Kraftwerk – The Ups And Downs Of Rhythm

My lockdown workout routine involves swinging ankle weights. Since this is rather boring, I have put together a playlist of songs to help move things along. I say playlist, but for the last few days that has just meant Kraftwerk albums.

The rhythm of a Kraftwerk track gives ankle weight swinging a different feel, as though you are actually going somewhere. It certainly helps me keep working out longer than I otherwise would. Rhythm has a long history as an aid to work, on ships, in fields, or in the military. It even helps mental work, since words with a beat to them are easier to remember. But, here’s the thing: after about twenty minutes of ankle weight swinging, fatigue starts to set in. That’s when it becomes apparent that rhythm wants me to keep going and doesn’t care if I’m tired. In the unlikely event that a former life saw me as an oarsman on a Greek galley, the unsmiling, muscular chap beating out the stroke would not stop if I had sore arms. Rhythm has a ruthlessness about it.

Anyway, dismissing the image of me rowing a Greek galley, let’s get back to Kraftwerk who in 1974, released their breakthrough album, Autobahn. The opening track begins with a car door slamming, an engine revving, a playful toot on a horn, and someone driving away. Then as the beat of the song gathers pace, we get a very ominous, distorted, machine-like voice saying “autobahn”. It’s like we’re suddenly in a scene from The Omen. Perhaps this horror film voice is a reference to the origin of the autobahn network, built in the 1930s on Hitler’s orders, to efficiently move people, and soldiers, around Germany. The musicians of Kraftwerk grew up in Düsseldorf in the shadow of World War Two. They would understand that rhythm can be totalitarian. Rhythm is there in marching feet and the noise of factories. In many ways there’s nothing of the individual in rhythm. It’s suggestive of an army marching as one, of machinery, or of natural, vast, repeating patterns where planets orbit stars. The autobahn, and the rhythms of driving on it, are an expression of this inhuman scale.

But in between interruptions from that creepy Omen voice, the rest of Autobahn’s title track has a happy, summery, almost Beach Boys feel. As soon as you hear the childlike refrain “Wir fahr’n fahr’n fahr’n auf der autobahn” (“We are driving driving driving on the autobahn”) you realise that this is a group of lads who are taking a fun road trip. There’s lots of rhythm about their journey – that little autobahn ditty they sing, the steady patter of the car’s engine and its tyres on tarmac, music playing on a car radio, the rising and falling Doppler effect of other cars approaching and vanishing into the distance. Rhythm for these boys is not a dark military march but a bright, liberating, fun, dance. The rhythms of the road and their car set them free to go on a trip to new places where they meet new friends. If rhythm is about groups rather than individuals, then this is a group who are having fun together.
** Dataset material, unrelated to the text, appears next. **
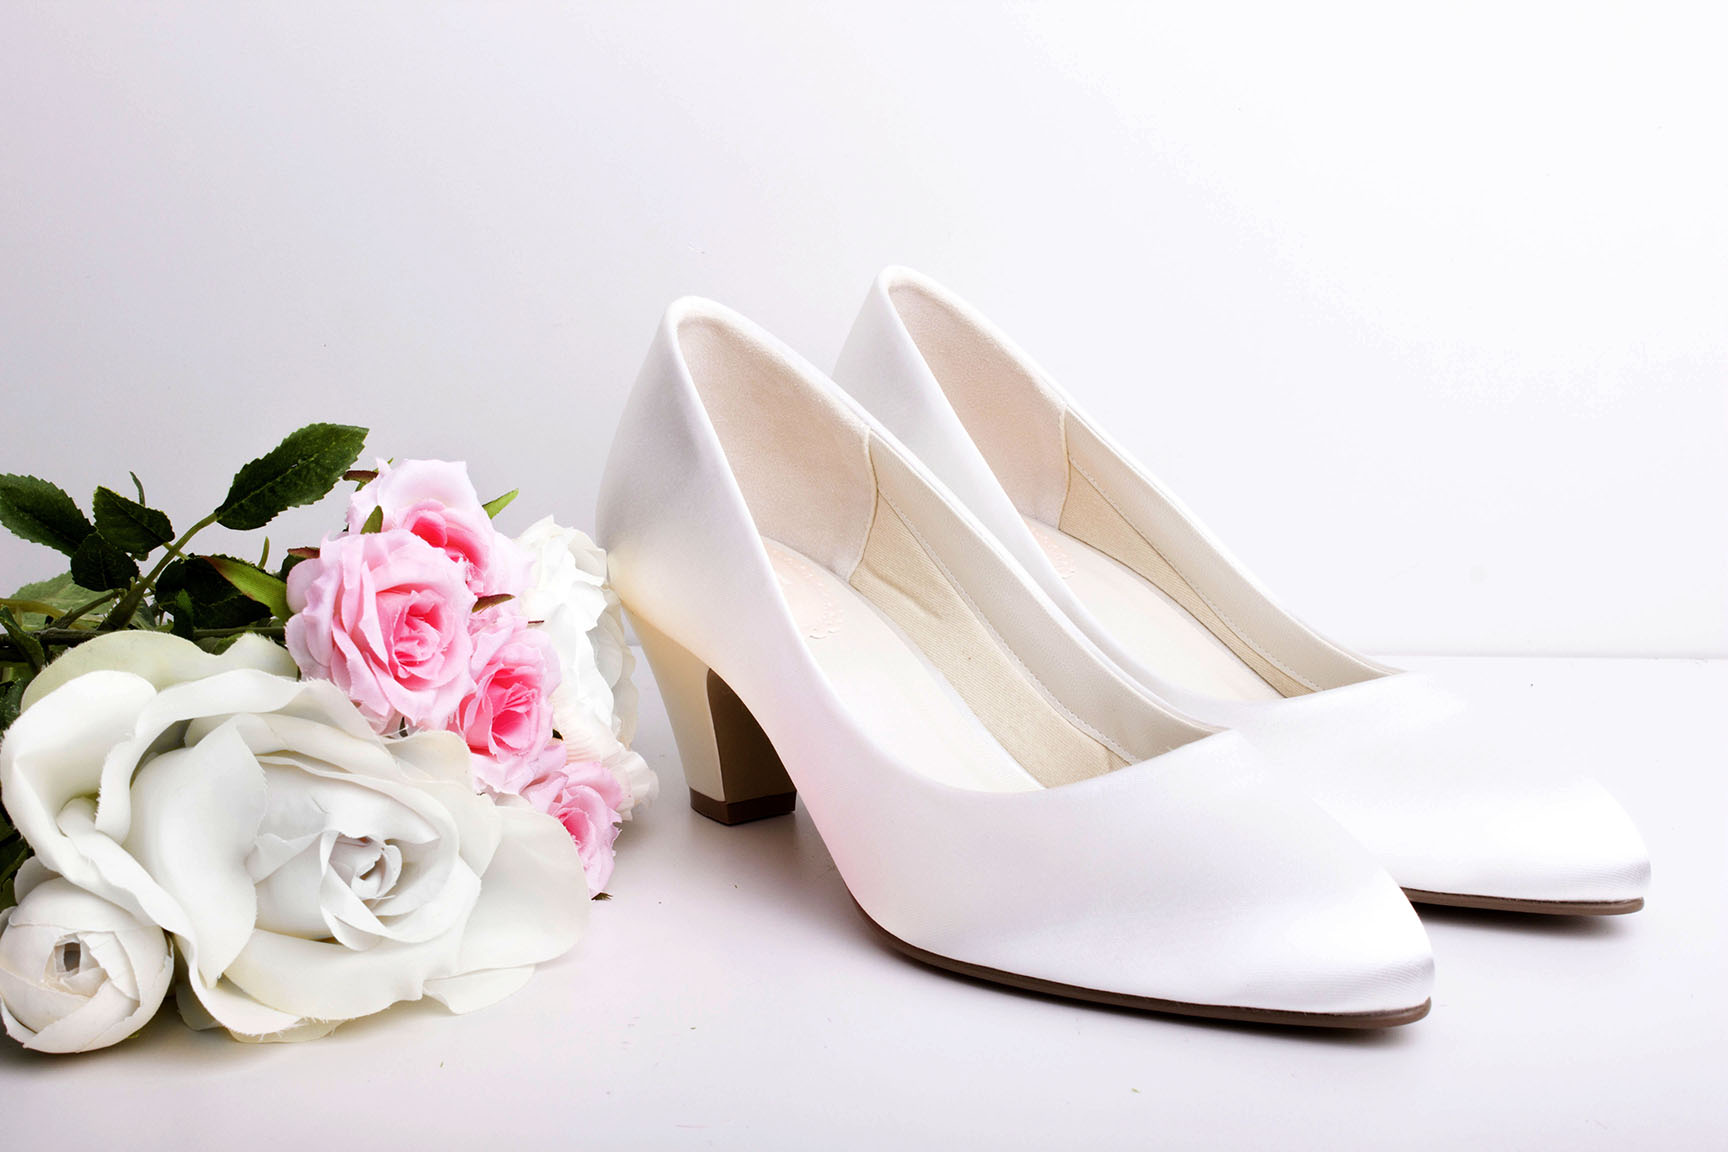 Wedding shoes, shoes, wedding accessories, pink paradox, weddings, wedding planner, top tips, wedding tips, wedding advice, shoe shopping, white shoes,

If rhythm has potential for good and evil, then as far as Kraftwerk are concerned, good wins out. As the title track comes to an end, there’s a lovely section where our young travellers sing “fahr’n auf der autobahn” in a tired but happy way, as if they are all coming home after enjoying themselves. We end the day with rhythm as a good thing, even if it was touch and go there for a while.